Pricing alerts stay agency
Regardless of slower weekly exercise, pricing metrics continued to enhance. Properties with value cuts accounted for 32.2% of listings, beneath final yr’s stage of 33.0%, extending a development of adverse year-over-year price-cut information. On the similar time, the MAI rose to 35.9, reinforcing seller-leaning nationwide situations.
The mixture of moderating stock progress and bettering price-cut share signifies that offer and demand stay comparatively balanced beneath the short-term volatility. Mortgage charges close to 6% proceed to offer a stabilizing impact.
Regional markets present various levels of resilience
Snow Belt metros
New York metro
- Stock: 12,222 (down 3.2% week over week, up 0.3% yr over yr)
- New listings: 1,148 (up 8.0% week over week, down 22.2% yr over yr)
- MAI: 43.3
- Worth cuts: 18.8%
Chicago metro
- Stock: 7,672 (down 1.1% week over week, down 3.0% yr over yr)
- New listings: 789 (up 19.0% week over week, down 9.0% yr over yr)
- MAI: 43.1
- Worth cuts: 26.2%
Detroit metro
- Stock: 6,605 (down 2.2% week over week, up 20.6% yr over yr)
- New listings: 573 (up 11.0% week over week, up 8.1% yr over yr)
- MAI: 45.0
A number of northern metros proceed to indicate robust seller-leaning situations and comparatively low price-cut shares, indicating sustained purchaser competitors regardless of weather-driven volatility.
Southern markets
Houston
- Stock: 31,347 (up 0.1% week over week, up 16.9% yr over yr)
- New listings: 1,882 (up 14.3% week over week, down 0.6% yr over yr)
- MAI: 29.1
Dallas-Fort Price
- Stock: 23,909 (down 1.0% week over week, up 3.5% yr over yr)
- New listings: 1,394 (down 1.5% week over week, down 26.1% yr over yr)
- MAI: 33.6
Miami
- Stock: 15,167 (down 0.9% week over week, down 3.1% yr over yr)
- New listings: 1,096 (down 3.5% week over week, down 13.5% yr over yr)
- MAI: 35.0
Southern markets stay extra balanced total, with increased stock ranges in some metros creating higher pricing sensitivity in comparison with tighter northern markets.
State-level traits
- Texas leads the nation in stock with 117,049 properties however noticed a ten.9% year-over-year decline in new listings.
- Florida, the second-largest stock state with 92,312 properties, recorded a ten.8% year-over-year drop in new listings.
- California continues to submit robust vendor situations (MAI 46.7) and one of many lowest major-state price-cut charges (24.6%).
Outlook heading into spring
The late-January snowstorm clearly disrupted weekly exercise, significantly in listings and contracts. Nevertheless, slowing stock progress, bettering price-cut share and regular mortgage charges counsel the underlying construction of the housing market stays steady.
The tempo at which new listings recuperate will decide whether or not this episode registers as a short winter interruption or the start of a extra constrained spring provide setting.

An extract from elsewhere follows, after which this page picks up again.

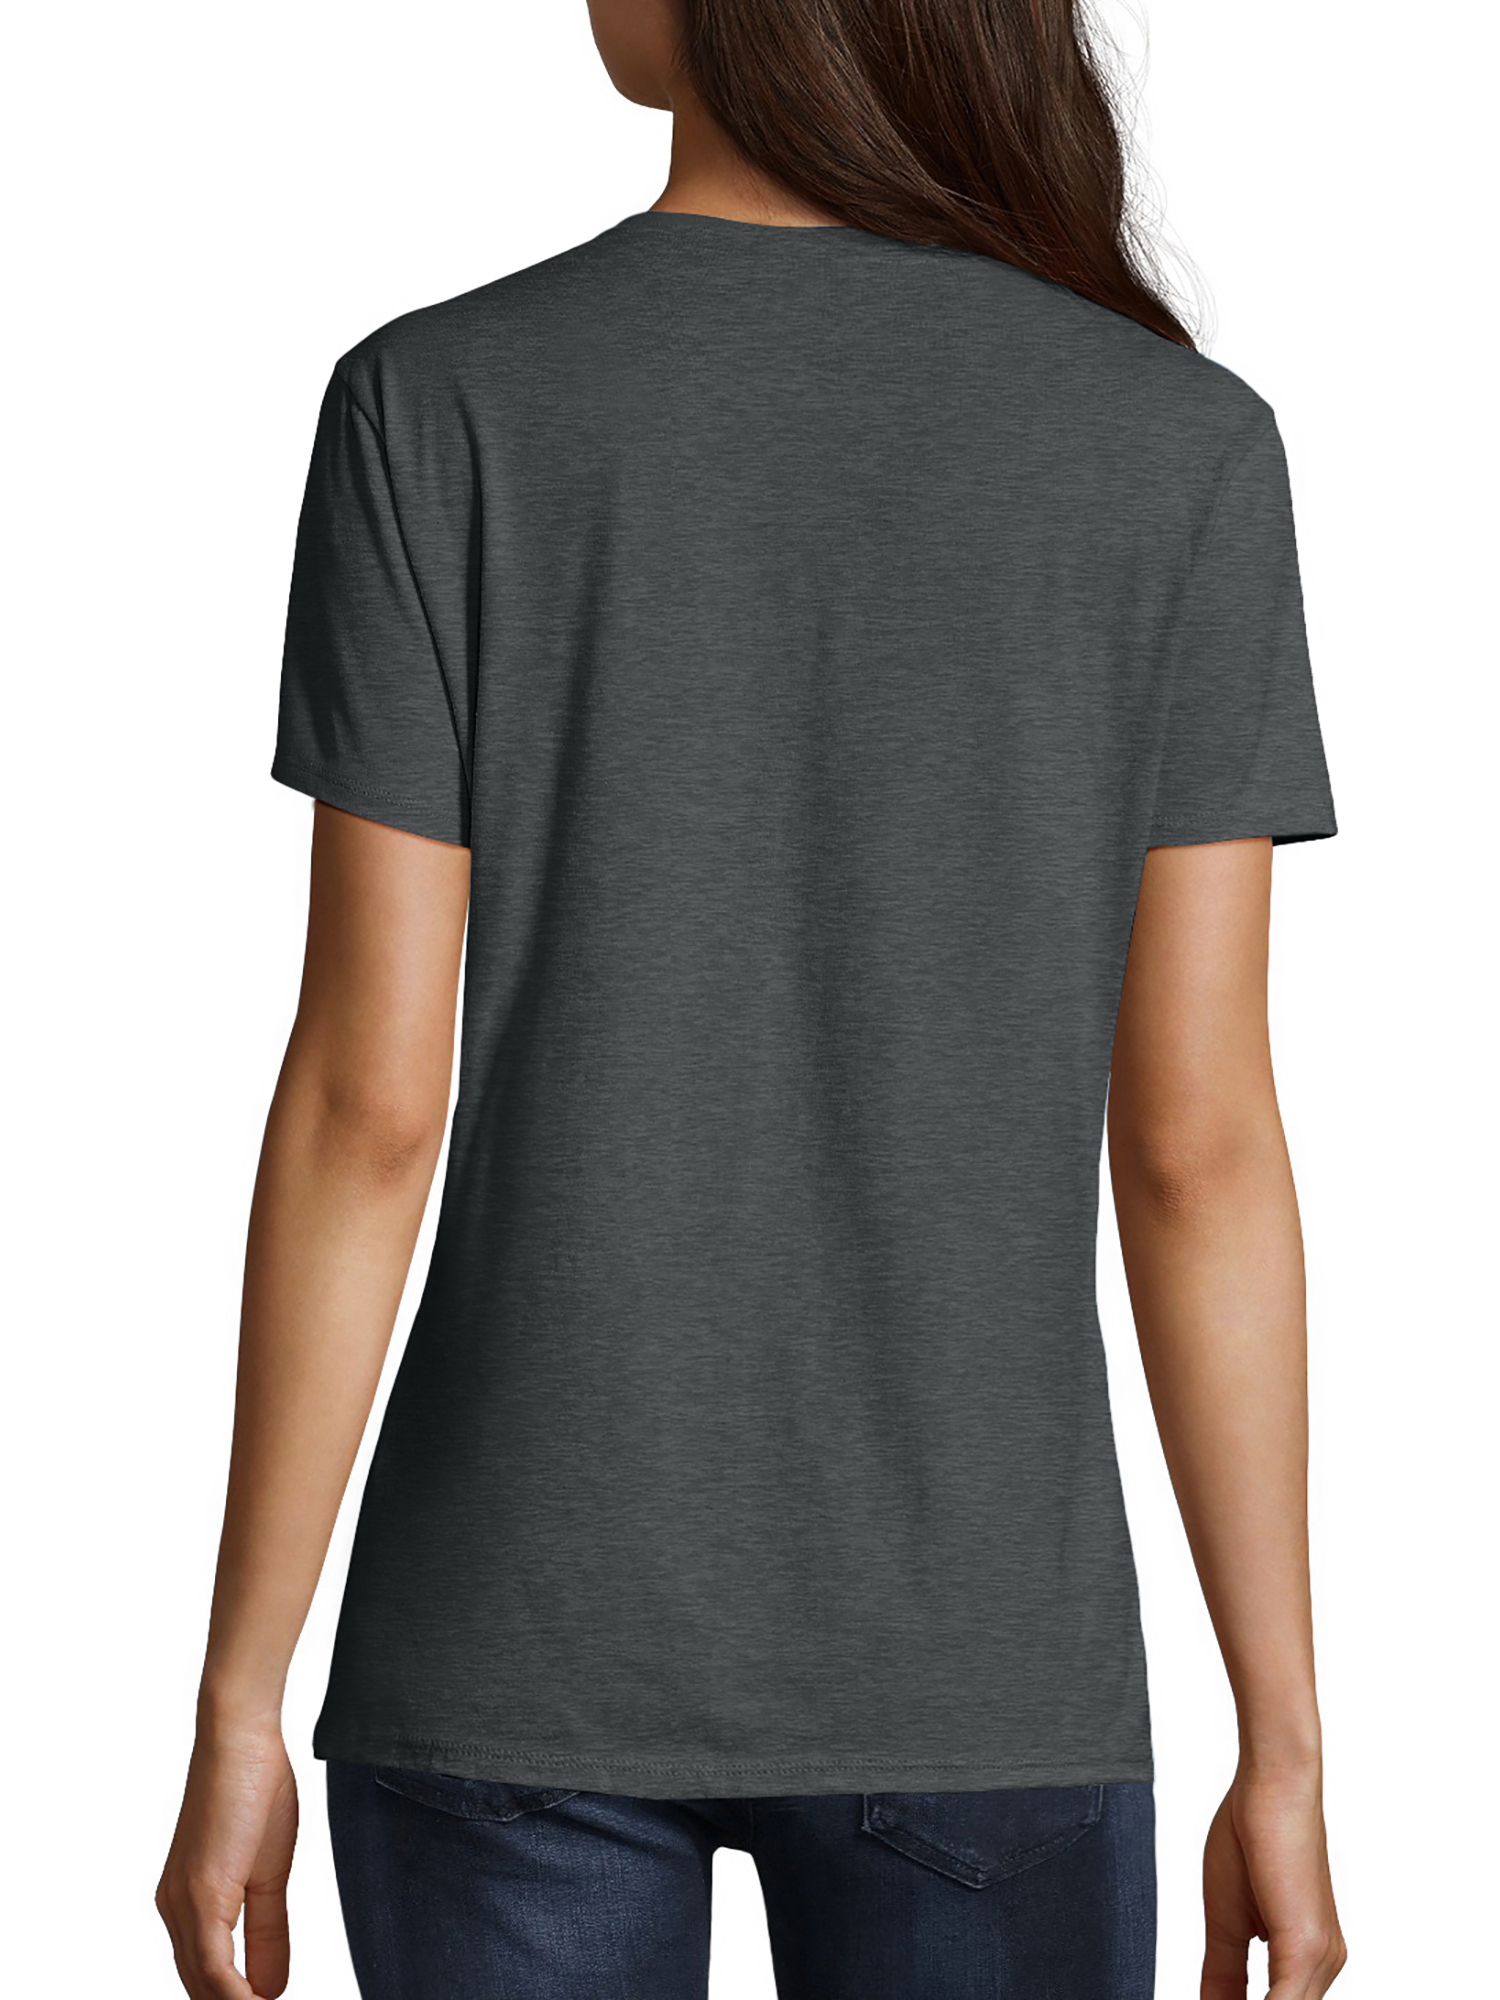 Hanes Women's Nano-T V-Neck T-Shirt - image 3 of 5
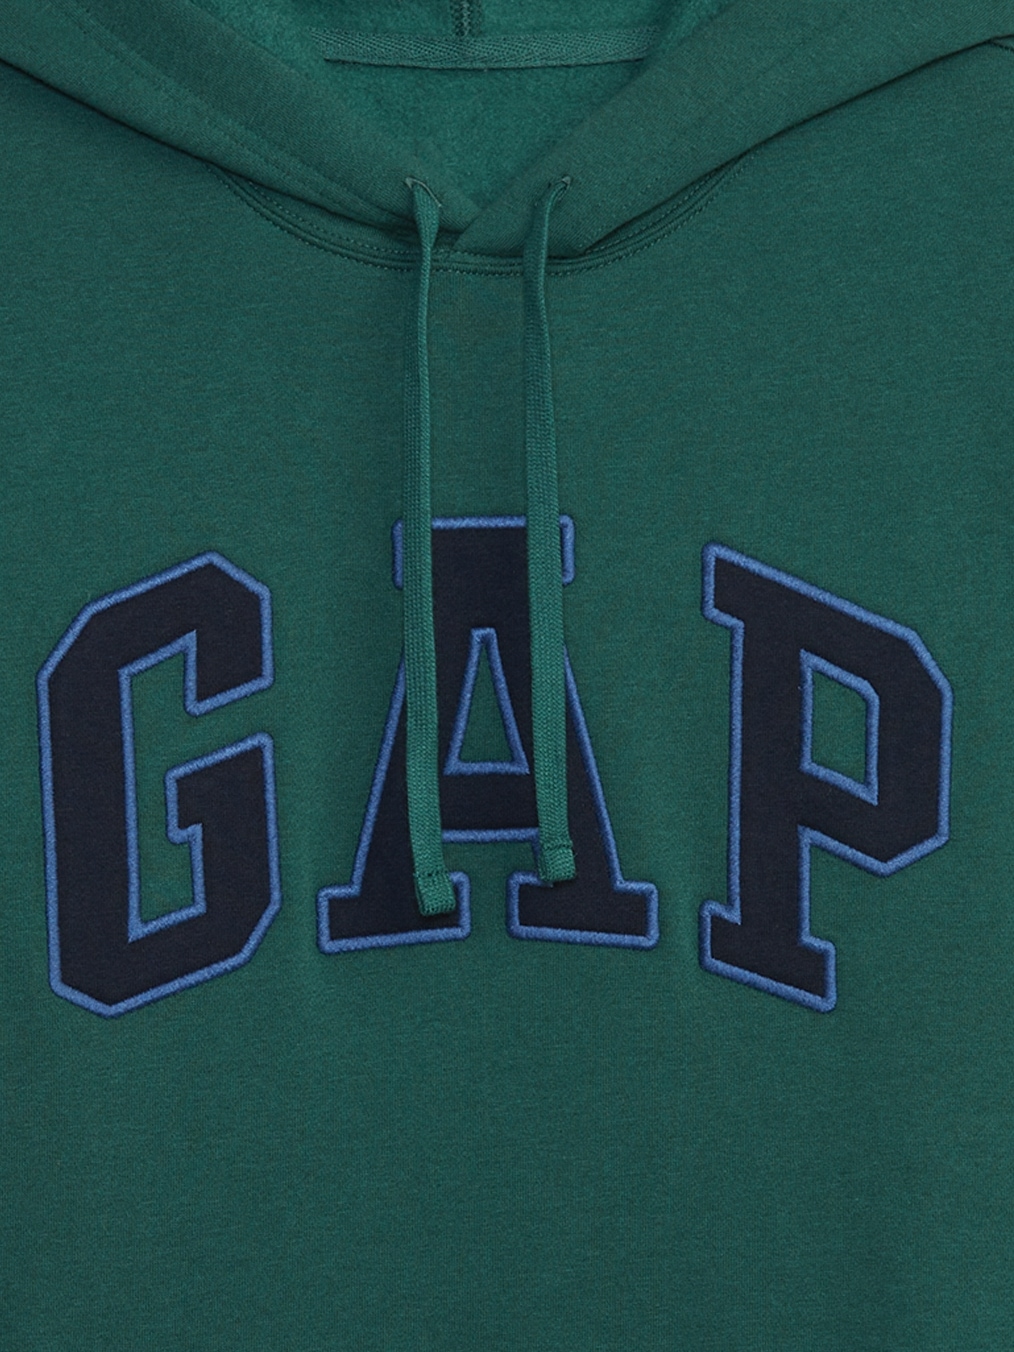 Vintage Gap Hoodie Zipper Gap Big Logo Pullover Jumpers M Size -  Israel

For deeper context on charges, demand alerts and the macro backdrop shaping early-2026 housing exercise, learn HousingWire’s Housing Market Tracker weekly evaluation. HousingWire used HW Knowledge to supply this story. This text relies on single-family residence information via Feb. 6, 2026. The Market Motion Index (MAI) measures the steadiness between provide and demand, with increased readings indicating stronger vendor leverage. To see what’s taking place in your personal native market, generate housing market studies. For enterprise shoppers seeking to license the identical market information at a bigger scale, go to HW Knowledge.